CodePromptZip outperforms the best baseline by 23.4% (42.1 vs. 34.1), 28.7% (61.9 vs. 48.1), and 8.7% (23.7 vs. 21.8) on the three tasks, respectively.
The copy mechanism is critical for compression ratio control and consistently improves performance across all three tasks.
Trade-off analysis shows that under a fixed token budget, using fewer examples with lower compression ratios outperforms using more examples with higher compression ratios.
Cross-model generalization: CodePromptZip outperforms all baselines on CodeLlama-13B and Gemini-1.0-Pro as well.
Unparseable code: removing the trailing 1–3% of tokens causes only a marginal performance drop (42.1% → 42.0%/41.7%), demonstrating the robustness of the learning-based approach.

Highlights & Insights¶

This work is the first to formulate and address code-specific prompt compression, bridging the gap between NL compression and code compression.
The type-aware priority ranking finding is insightful: removal priorities are consistent across models but differ across tasks, indicating that code token importance is task-driven rather than model-driven.
The learning-based approach elegantly resolves the limitation of the Oracle method (which requires AST parsing and cannot handle incomplete code).
The controllable compression ratio design allows the framework to adapt to different cost/quality trade-off requirements.

Limitations & Future Work¶

Currently limited to Java code (relying on JavaParser for training data construction); generalization to other programming languages remains unverified.
The compressor is based on CodeT5-775M; model size and inference latency warrant consideration.
The priority ranking via ablation analysis must be redone for each new task; automated or adaptive priority discovery is a promising future direction.
Multi-language code mixing scenarios are not considered.

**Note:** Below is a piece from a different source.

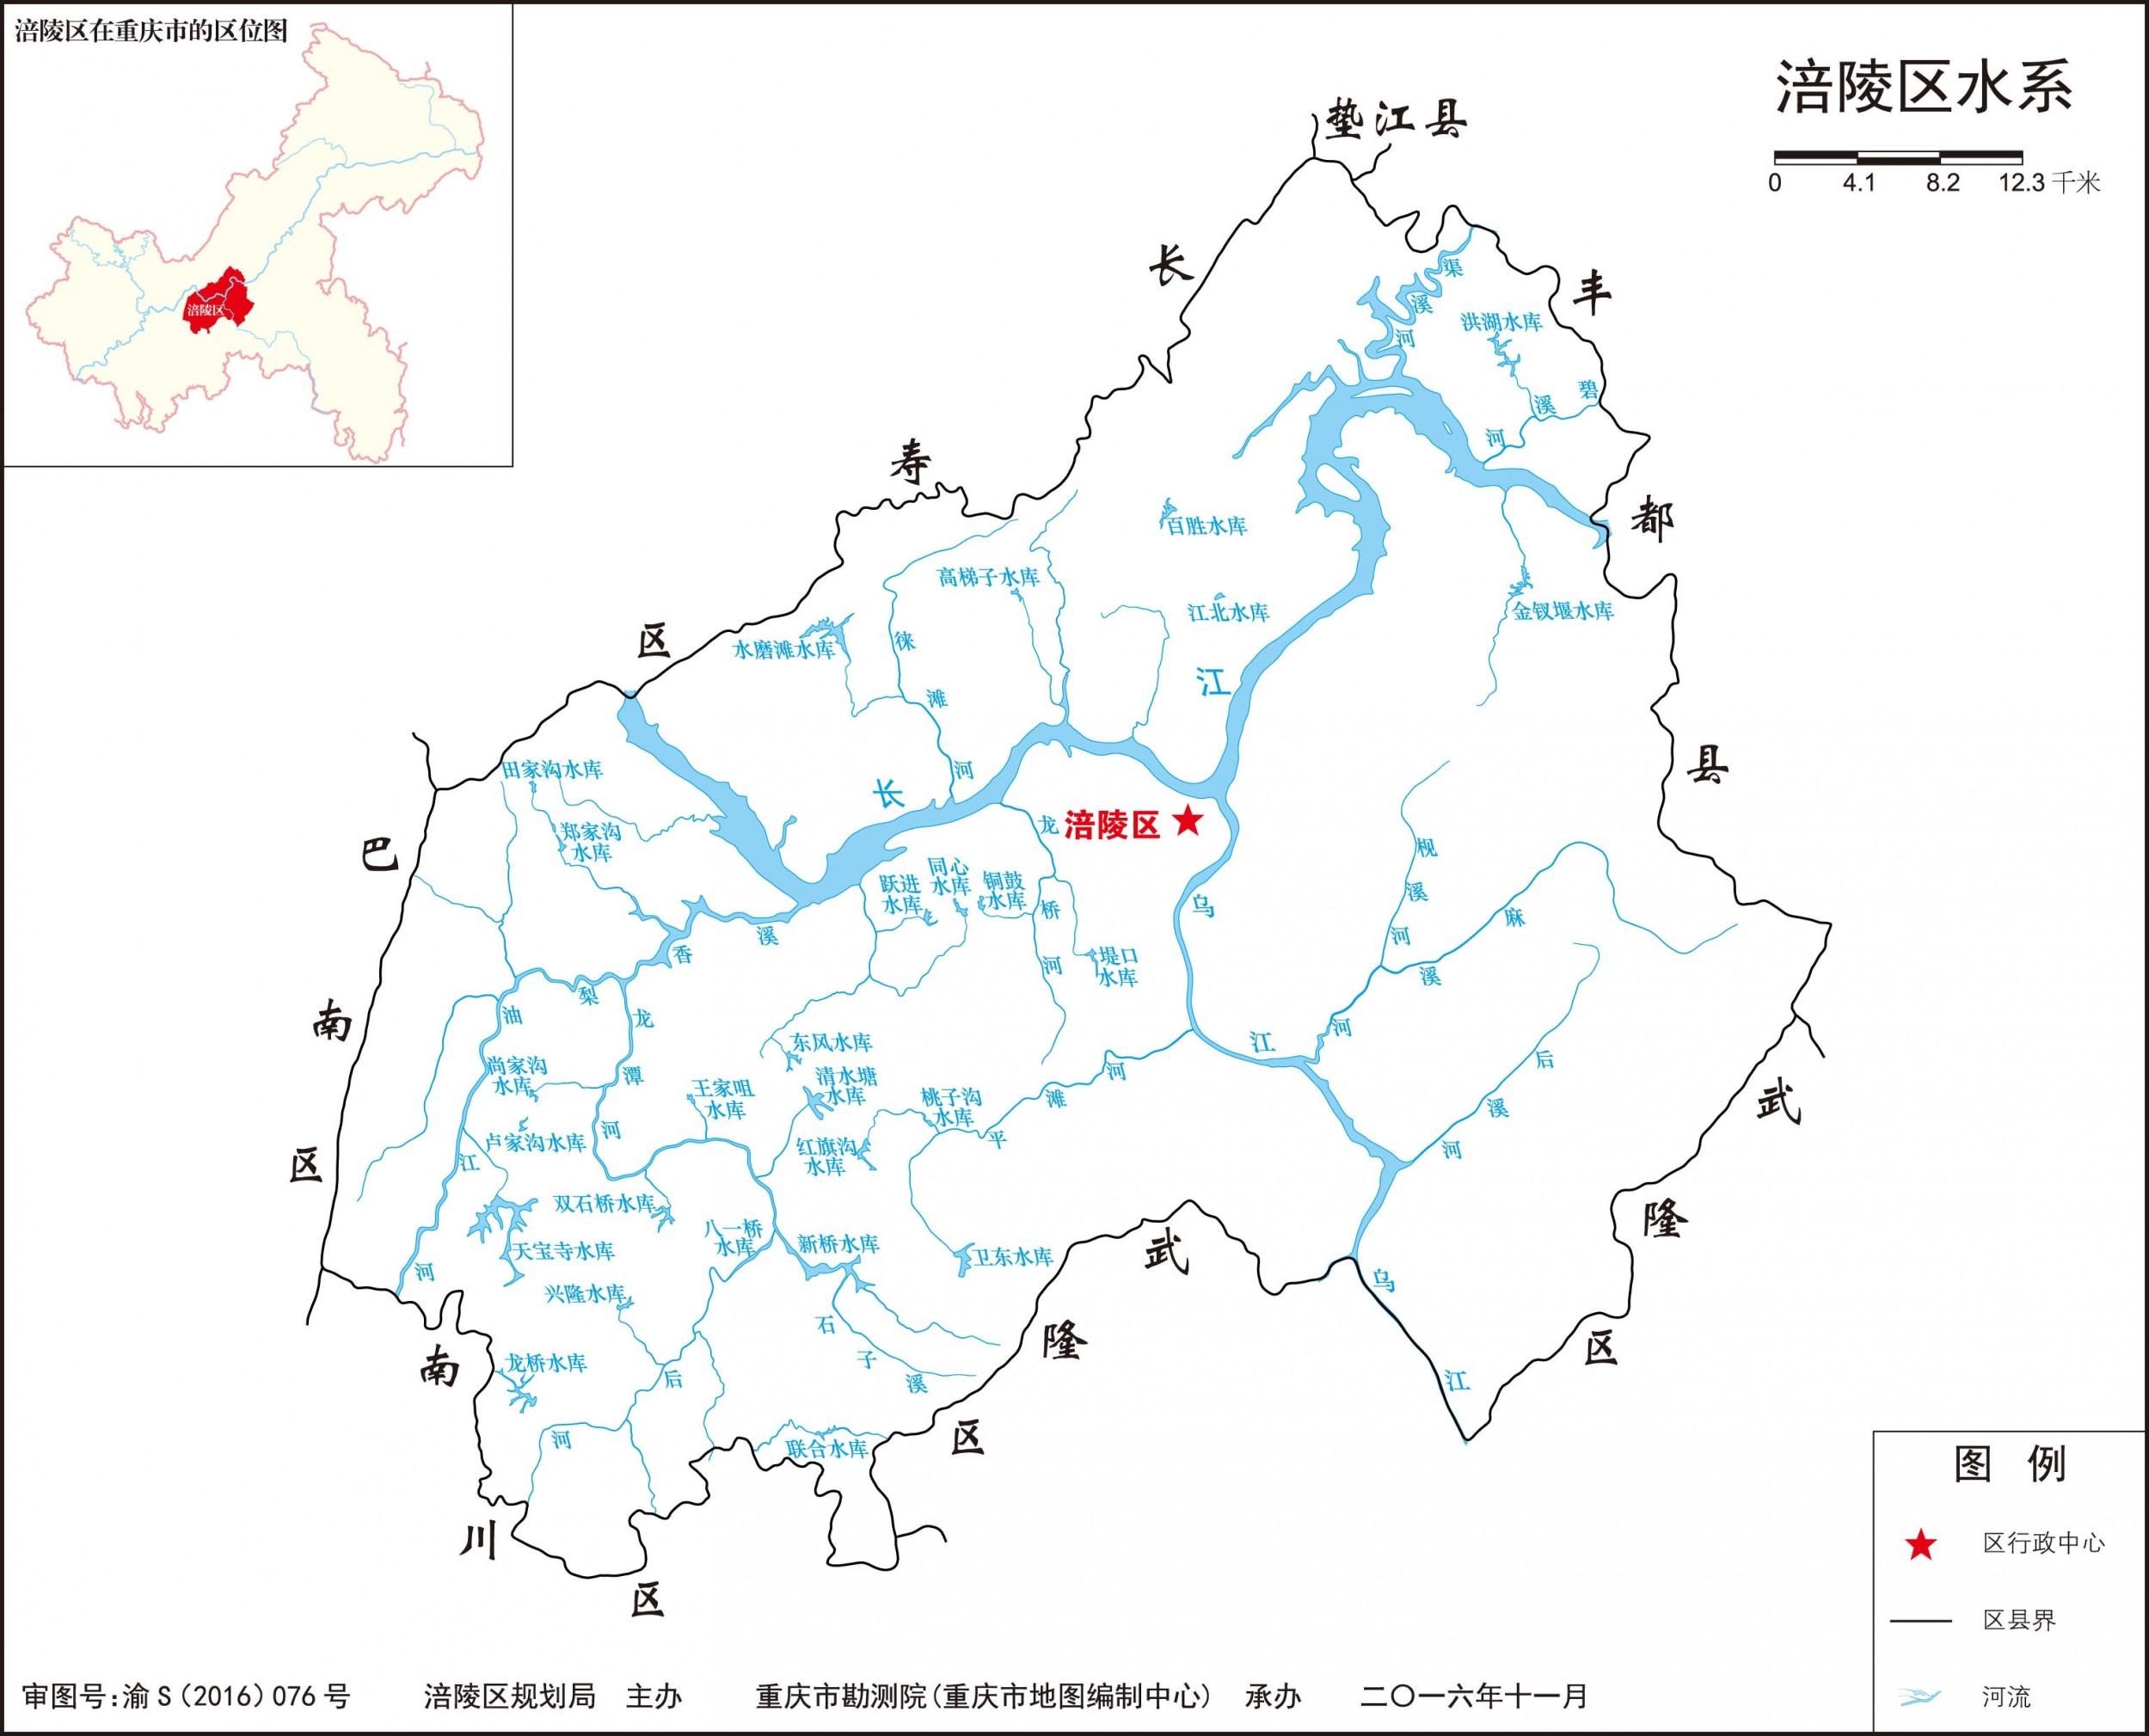 涪陵区水系.jpg

The improvement direction over the LLMLingua series is clear: information entropy metrics are ill-suited for code, and the type-structural information of code must be exploited.
RECOMP's GPT-3.5 distillation approach is costly and offers no compression ratio control; CodePromptZip's priority-driven method is more efficient and controllable.
Implication for RAG system optimization: retrieved content of different modalities should employ modality-specific compression strategies.

Rating¶

Novelty: ⭐⭐⭐⭐ First code-specific prompt compression framework; type-aware priority ranking is a novel and well-motivated idea.
Experimental Thoroughness: ⭐⭐⭐⭐ Three tasks, multiple baselines, cross-model generalization, and unparseable code evaluation.
Writing Quality: ⭐⭐⭐⭐ Problem formulation is clear, methodology is thoroughly described, and experimental conclusions are well-supported.